2. Materials and Methods

2.1. Radiolabeling of Radioactive Probes

Radiolabeling of TPGS micelles (25 mg·mL−1) was performed by the direct method using SnCl2·H2O as reducing agent (7.5 μg/mL) and 37–74 MBq (1–2 mCi) of 99mTcO4 (obtained from a 99Mo-99mTc column generator (BACON SAIC, Argentina), based on a previous work with slight modifications [16]. Saline solution (0.9%NaCl) was used as reaction solvent. Radiochemical purity (RCP) control was performed as follows: free 99mTcO4 was measured by paper chromatography using acetone as mobile phase. Colloidal radioactive impurity was assessed by paper chromatography as well (using saline as mobile phase) and dynamic light scattering. For comparative purposes, 99mTc-sestamibi was used. It was synthesized according to the manufacturer’s instructions (BACON SAIC or Tecnonuclear SA, Argentina). Briefly, 2.2 GBq (60 mCi) of 99mTcO4 was added to a commercial freeze-dried kit reaching a final volume of 3 mL with saline solution. Radiochemical purity was assessed as stated in United States Pharmacopoeia by reverse-phase thin layer chromatography and by solvent extraction method (chloroform) [17]. 99mTc-sestamibi RCP was above 95% in all assays.

2.2. TPGS Micelles Size, Zeta Potential, and Morphological Characterization

99mTc-radiolabeled TPGS micelles were analyzed by transmission electronic microscopy (TEM) (Zeiss EM 109T equipped with a digital camera Gatan ES1000W, Germany). Samples were placed in a grid and covered with Formvar film. Finally, they were washed in distilled water and were dried in a silica gel support.

The average hydrodynamic diameter and size distribution of TPGS-radiolabeled micelles and colloidal radioactive impurity were measured by dynamic light scattering (DLS; Zetasizer Nano-ZSP, Malvern Instruments, UK) with a He-Ne laser (633 nm) and a digital correlator ZEN3600. Measurements were performed at a θ = 173° angle.
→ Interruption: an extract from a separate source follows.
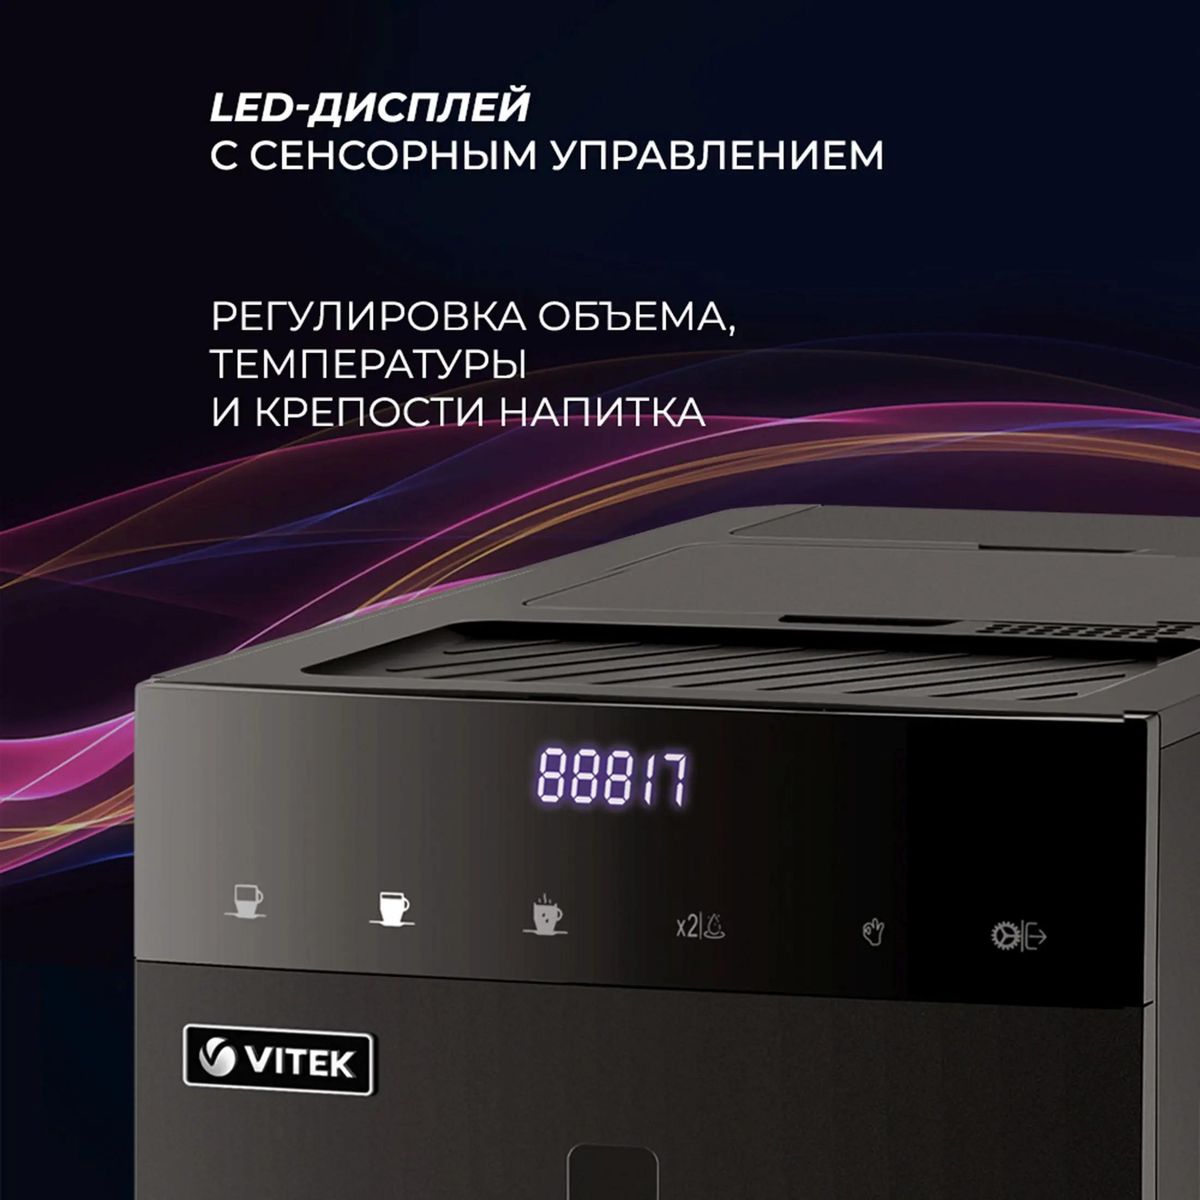 Vitek Metropolis VT-8700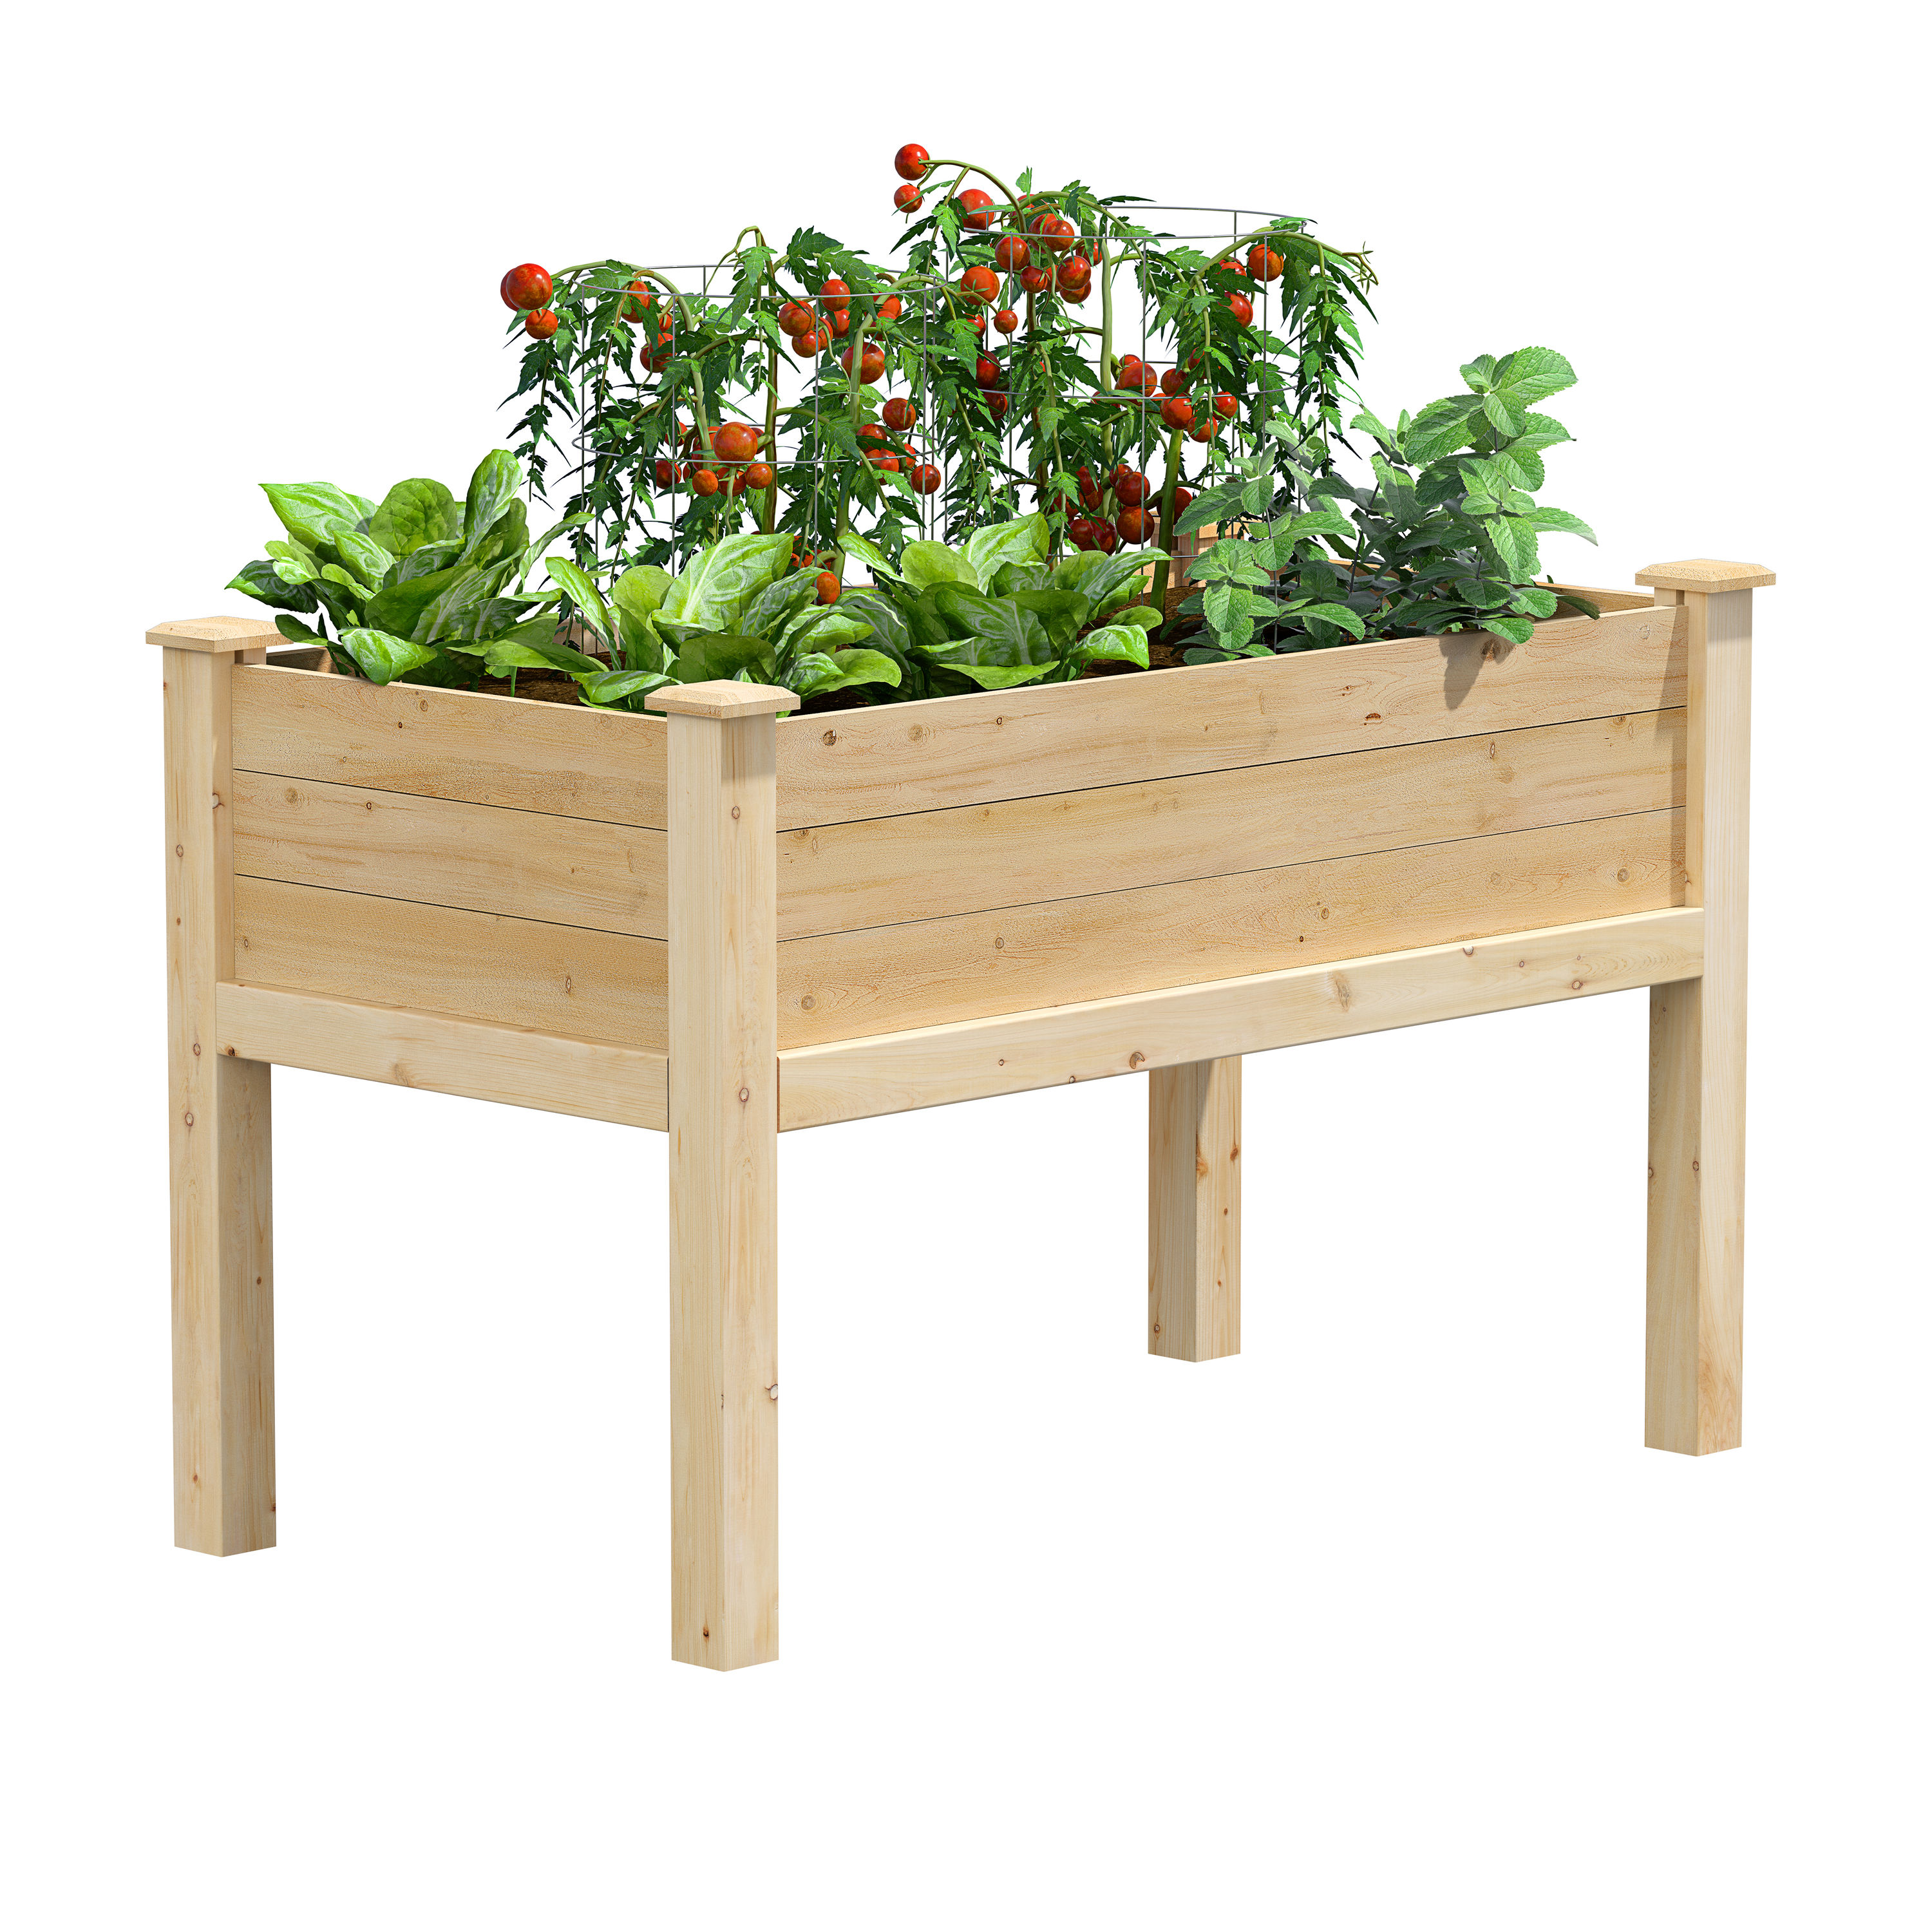 Raised Decking Wooden Garden Planter Box Vegetable Trough Grow Bed Plant Pot XL

Zeta potential was measured using the same analyzer, as described elsewhere [18]. Samples were previously equilibrated at 25°C, and results were expressed as the average of three measurements.

2.3. Cell Culture

4T1 Breast cancer murine cell line was obtained from American Type Culture Collection (ATCC® CRL-2539™ BALB/cfC3H strain). Cells were cultured in RPMI 1640 with fetal bovine serum 10% (FBS), glutamine 0.03%, fungizone 0.001%, and gentamicin 0.004% (Gibco BRL, EE.UU.) and were kept in an incubator at 37°C in a humidified atmosphere and 5% CO2.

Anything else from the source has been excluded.